November 22, 2024

Hockey Hall of Fame 2020: How ex-Devils stars Patrik Elias, Alexander Mogilny did in voting

Mogilny #Mogilny

Patrik Elias scored and set up goals consistently playing 1,240 NHL games over two decades, all of them in a Devils sweater. The Czech left winger also defended about as well as any forward in his era.

The four-time All-Star was a leader. He was first in the NHL in playoff points over a 10-year span. He was a huge part of two Stanley Cup teams.

“There wasn’t nothing that Elias couldn’t do in the game,” said highly respected TSN Canada hockey analyst Craig Button, a former NHL general manager.

Almost nothing. Elias has yet to convince the Hockey Hall of Fame’s 18-member selection committee that he’s worthy of induction.

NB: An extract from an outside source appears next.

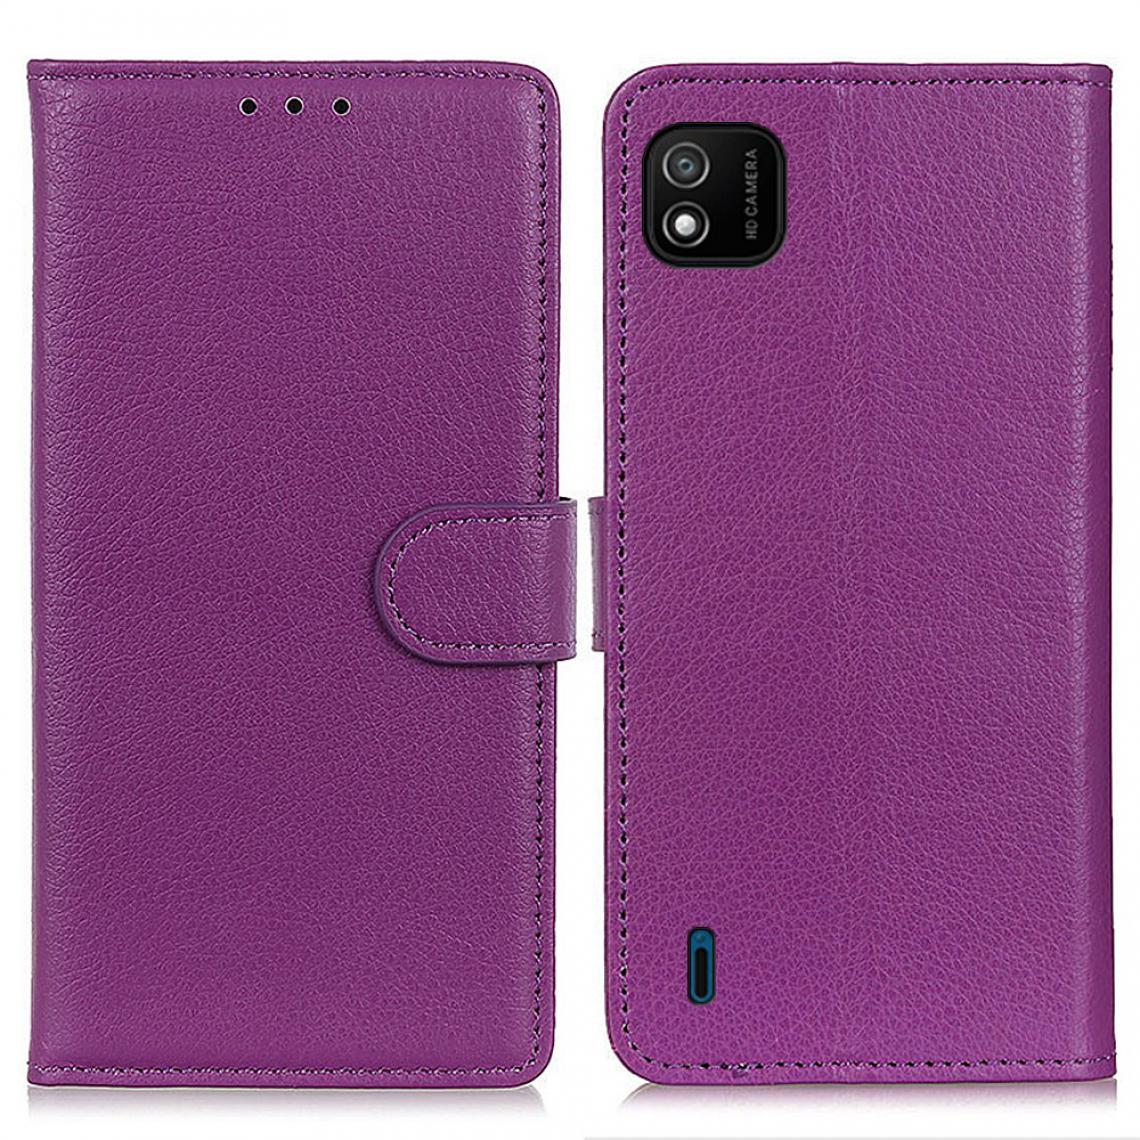 Other - Etui en PU Conception de texture de litchi de style classique avec support violet pour votre WIKO Y62 - Coque, étui smartphone

On his second try, Elias was passed over again Wednesday when the six-member 2020 class was announced.

Five former players were elected – right wings Jarome Iginla and Marian Hossa, defensemen Kevin Lowe and Doug Wilson and women’s goalie Kim St-Pierre – along executive Ken Holland as a builder. They’re tentatively scheduled to be inducted in Toronto on Hall of Fame weekend from Nov. 13-15.

Lowe, who won five Cups with the Edmonton Oilers and one with the Rangers, was elected on his 20th year of eligibility. It took just one ballot for Iginla, who is 16th all-time with 625 goals, and Hossa, who scored 525. Wilson was a seven-time All-Star who won a Norris Trophy, Pierre led Canada to three Olympic goal medals and Holland won three Cups as GM for the Detroit Red Wings

Alexander Mogilny, a dynamic Russian left winger who had a 42-goal season and won a Cup during his two stints as a Devil, was passed over for the 12th time.

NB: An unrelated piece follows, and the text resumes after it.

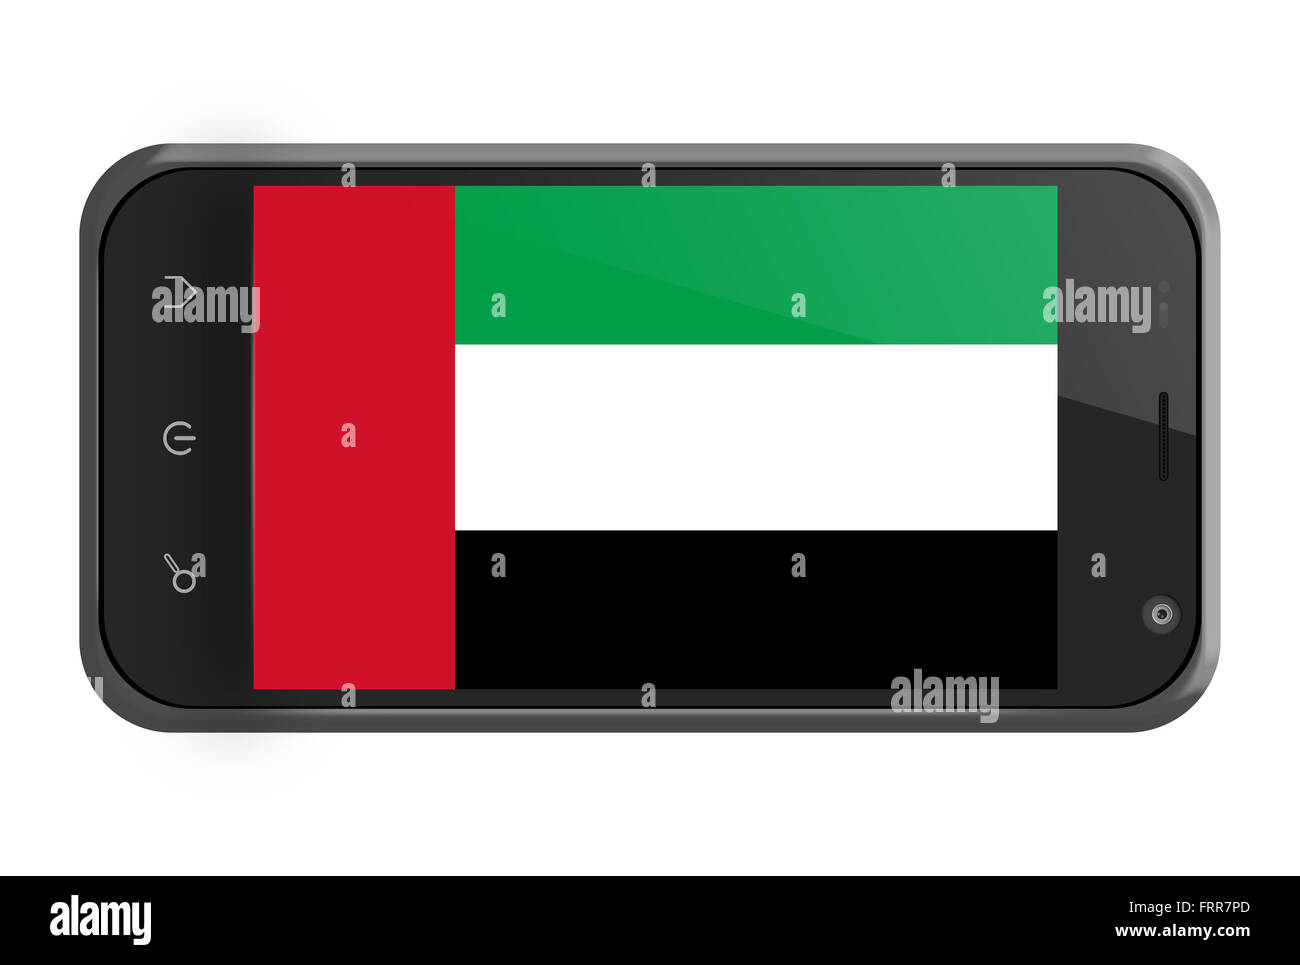 Emirats Arabes Unis drapeau sur l'écran du smartphone isolated on white Banque D'Images

Elias, 44, is the Devils’ franchise leader with 408 goals, 617 assists and 1,205 points. In January 2009, his No. 26 was retired and raised to the Prudential Center rafters along with four other franchise greats – Hall of Famers Martin Brodeur (31), Scott Niedermayer (27), and Scott Stevens (4), and Ken Daneyko (3).

“It is one of my proudest moments that I was able to spend my entire career with one team,” Elias said on his jersey retirement night.

Elias is Hall of Fame worthy, too, former Devils long-time GM Lou Lamoriello told NJ Advance Media in 2017.

“Yes,” Lamoriello said. “He was a Devil all his life. He played for the logo. He didn’t cheat anything. He had tremendous talent and he had a career he and his family can be proud of.

“I had him from 18 years old to just about his whole career. He’s a champion. He deserves whatever recognition and accolades that are given. He’ll earn it. He played the game the right way, and I’m proud of him.”

Mogilny, 51, was a four-time All-Star and ranks 53rd all-time with 473 goals. His 76 goals in 1992-93 for the Buffalo Sabres tied Teemu Selanne for the league rank and are tied for the fifth most in a season. He also scored 55 playing for the Vancouver Canucks in 1995-96.

What is keeping Mogilny out of the Hall of Fame?

“He wasn’t consistent,” Sabres former director of hockey John Muckler once said. “He’d have ups and downs and you never could get a good read on whether Alex would show up the night he was playing.”

Mogilny, 51, first joined the Devils in March 2000 in a trade from the Canucks, and he ended up being the final puzzle piece to a club that beat the Dallas Stars in the Stanley Cup Finals. The next year, Mogilny racked up 43 goals and 83 points for a Devils team that finished one victory short of repeating, as it lost Game 7 of the Finals to the Colorado Avalanche.

Mogilny spent the next three seasons with the Toronto Maple Leafs, then after sitting out the lockout season in 2003-04, he rejoined the Devils as a free agent in August 2005 on a two-year, $7-million contract. Due to a chronic hip issue, Mogilny scored just 12 goals and 25 points over 34 games in his final NHL season, which included 19 games with the AHL’s Albany River Rats to give the Devils some salary cap relief.

Mogilny was at his best playing for Buffalo on a line centered by Hall of Famer Pat LaFontaine, who remembers his former teammate as one of hockey’s best and dynamic players.

“Just the talent alone, (Mogilny) was thinking the game at another level, and then he had the skill to complement that hockey sense.” LaFontaine told The Athletic in May. “He was just at another level. And I just looked at him like, ‘Wow.’ The things he could do on the ice, I’ve never seen anyone do really at that speed and that quickness and he was just he was a step ahead. He’s just phenomenal.

“Looking back at some of those years, those Buffalo years … Alex was a lot of fun to watch. I was just a co-pilot on the trip.”

Like Elias, Mogilny the wait for hockey immortality continues.

“I think they’re both Hall of Famers,” Button said.